Hi,
On 30 December 2016 at 20:07, Nigel <
nigel....@gmail.com> wrote:
> The Content-Type that the API currently returns for JSON indicates ISO
> 8859-1 which is apparently not allowed by the RFC for JSON content.
This is why the API does not at present claim the results are JSON :-)
I believe it uses “JS” in the documentation, and the Content-Type
header is “text/javascript”, not “application/json”.
> I am going to see if I can get the Servant library to accept it by creating
> a new MIME type for JSON received from this service but it would be good if
> people didn't have to, additionally it could be confusing some other
> libraries and causing decoding issues if they actually attempt to honour the
> charset and decode UTF8 data as ISO 8859-1.
I fully agree; do note the data *is* (for MP data) ISO-8859-1, e.g.

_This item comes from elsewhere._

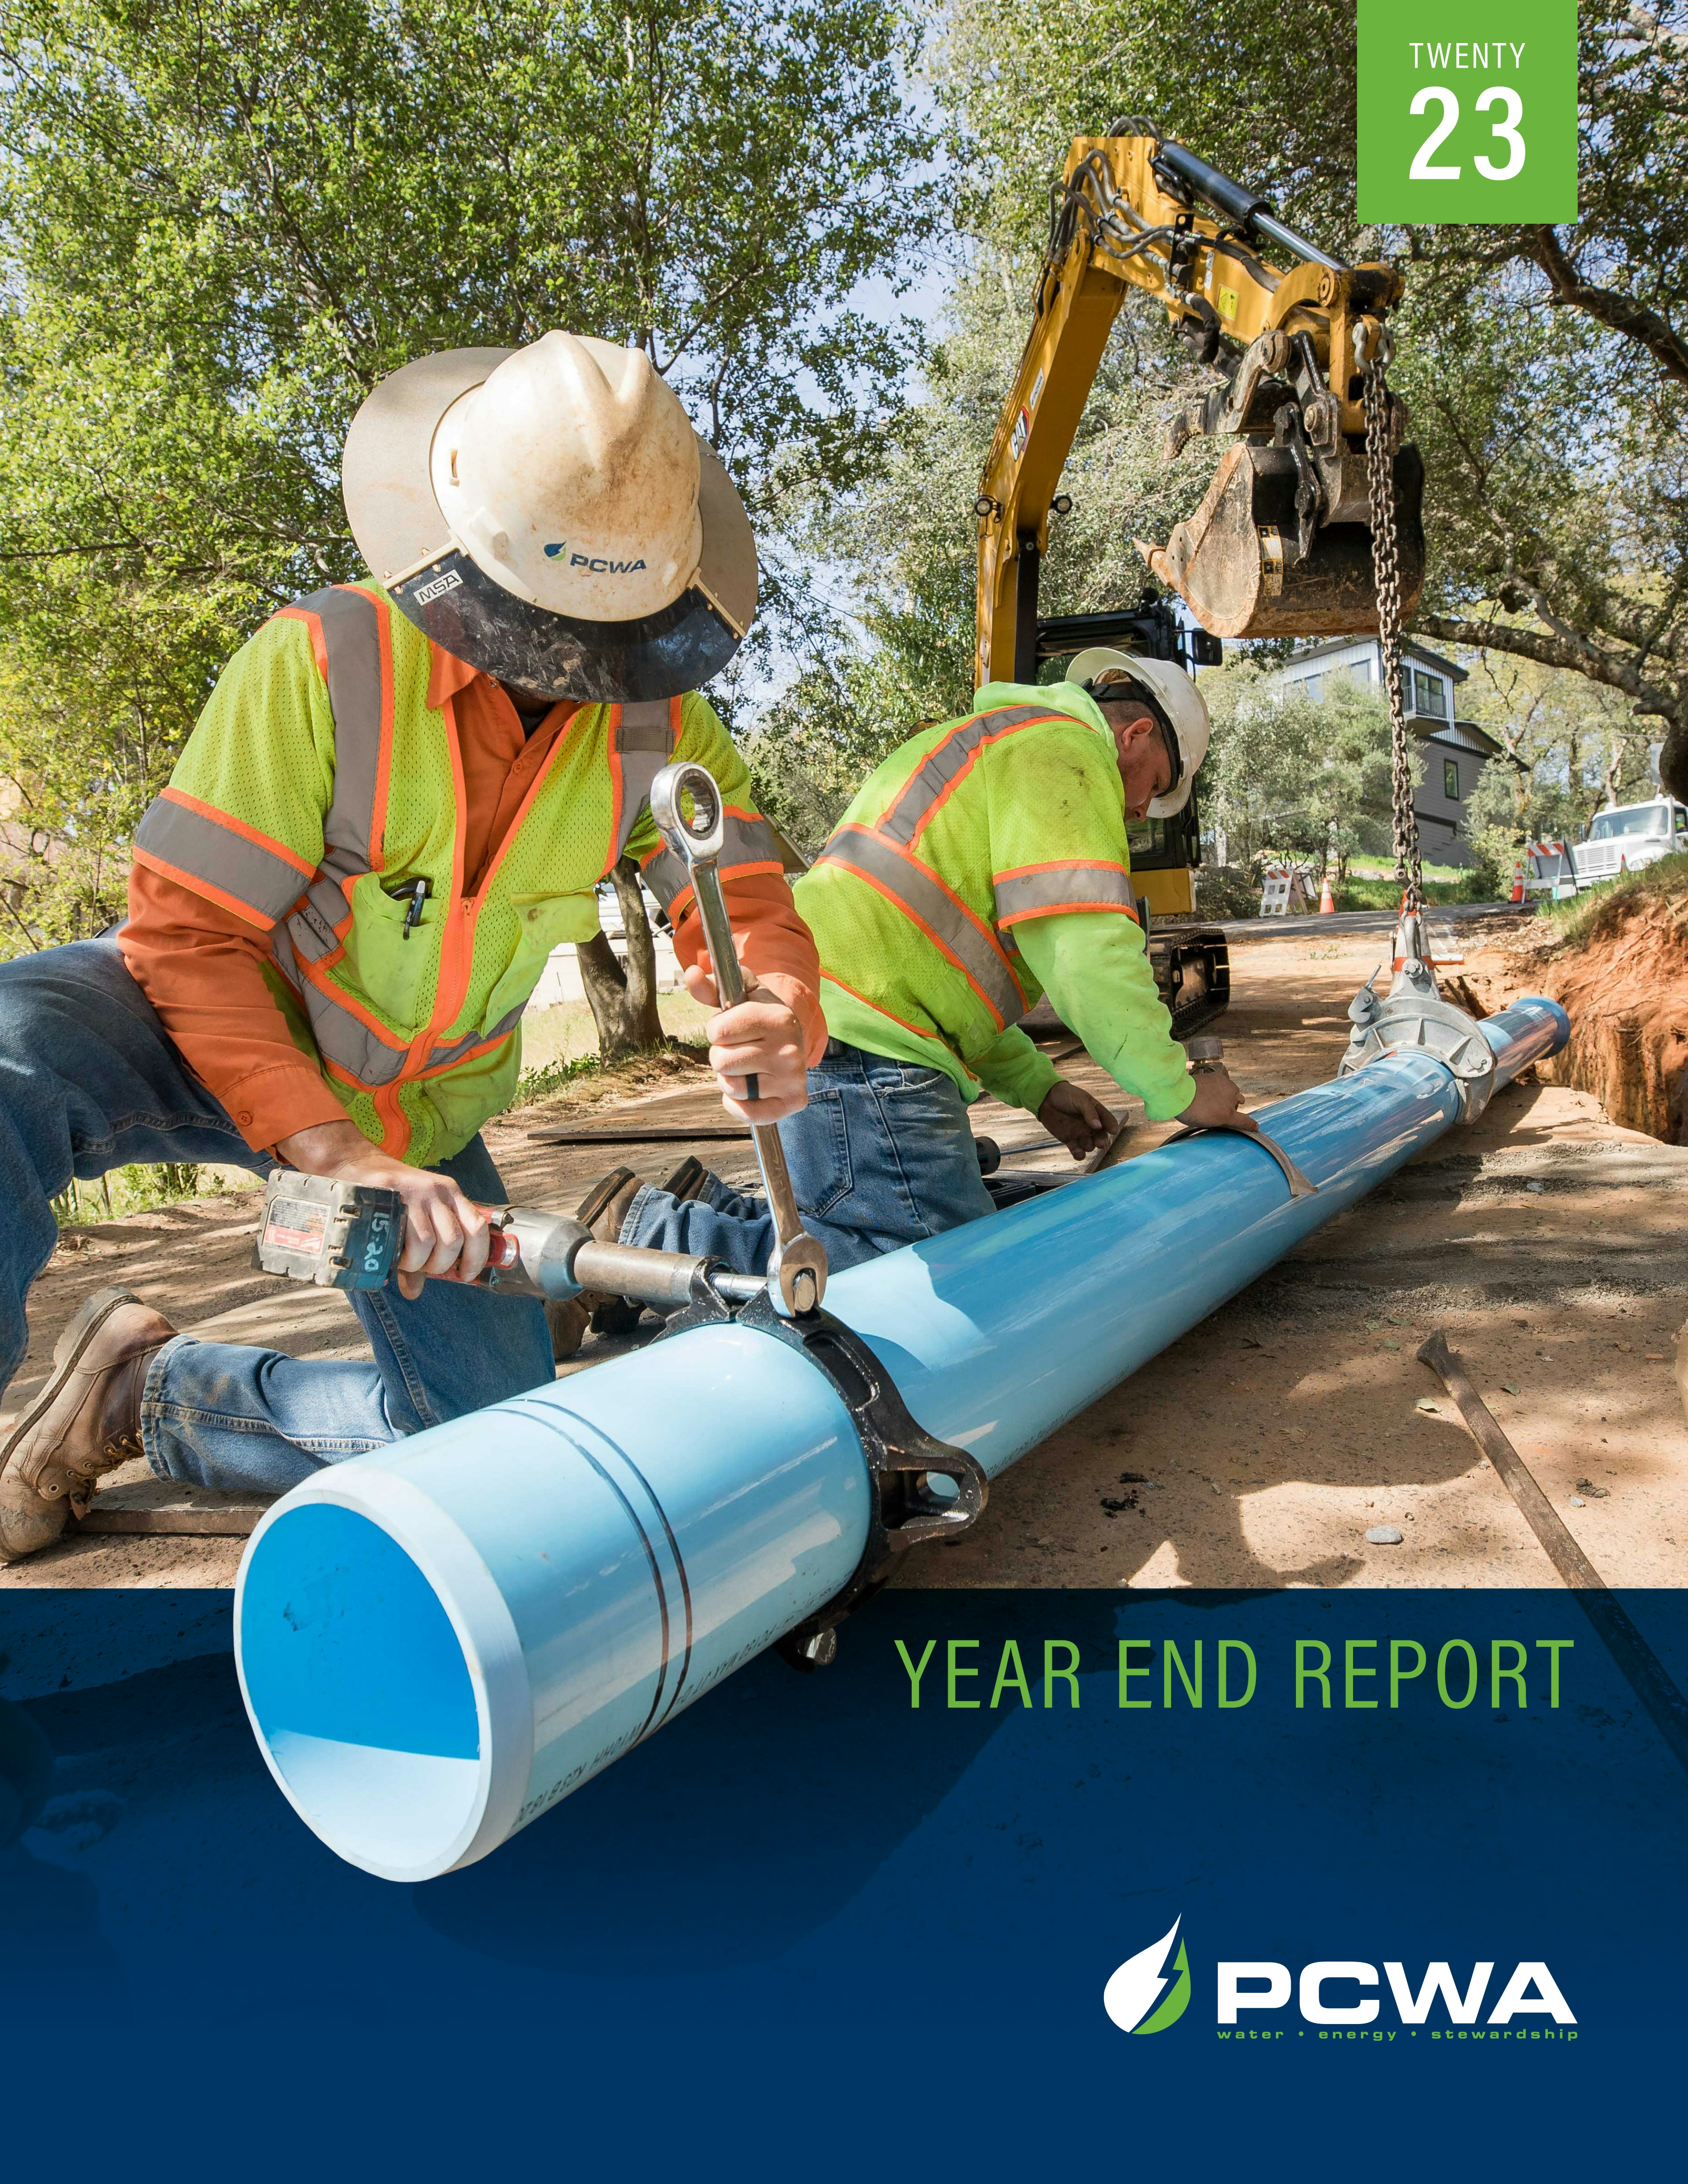 Thumbnail image and link for 2023 Year End Report publication

see the output of getMP with id=11148 (constituency), or id=11863
(given name). So there shouldn’t be decoding issues if that is
honoured (though I would of course understand if a JSON library
refused to act on non-UTF-8 data). There are a tiny number of speeches
that do appear to have ISO-8859-1 or UTF-8 data, but those could be
classed as mistakes in either case – almost all special characters are
stored as HTML entities, which of course isn’t great either by any
means!
> If this was a conscious decision on the part of the maintainers I'd be
> interested to hear the reasoning.
It is only a conscious decision in so much as it is historic attrition
due to the age of the site and source data. It would obviously be
better if the output were in UTF-8 and it could therefore be true
JSON, but it is not currently so, we haven’t had the time to do
anything about it, and clearly no-one else has yet either :) Perhaps a
straightforward conversion before API output would be all that is
necessary for the API, rather than trying to solve it at a deeper
internal level (though I think the name/constituency source data is in
UTF-8, so that at least would hopefully not be complex).
ATB,
Matthew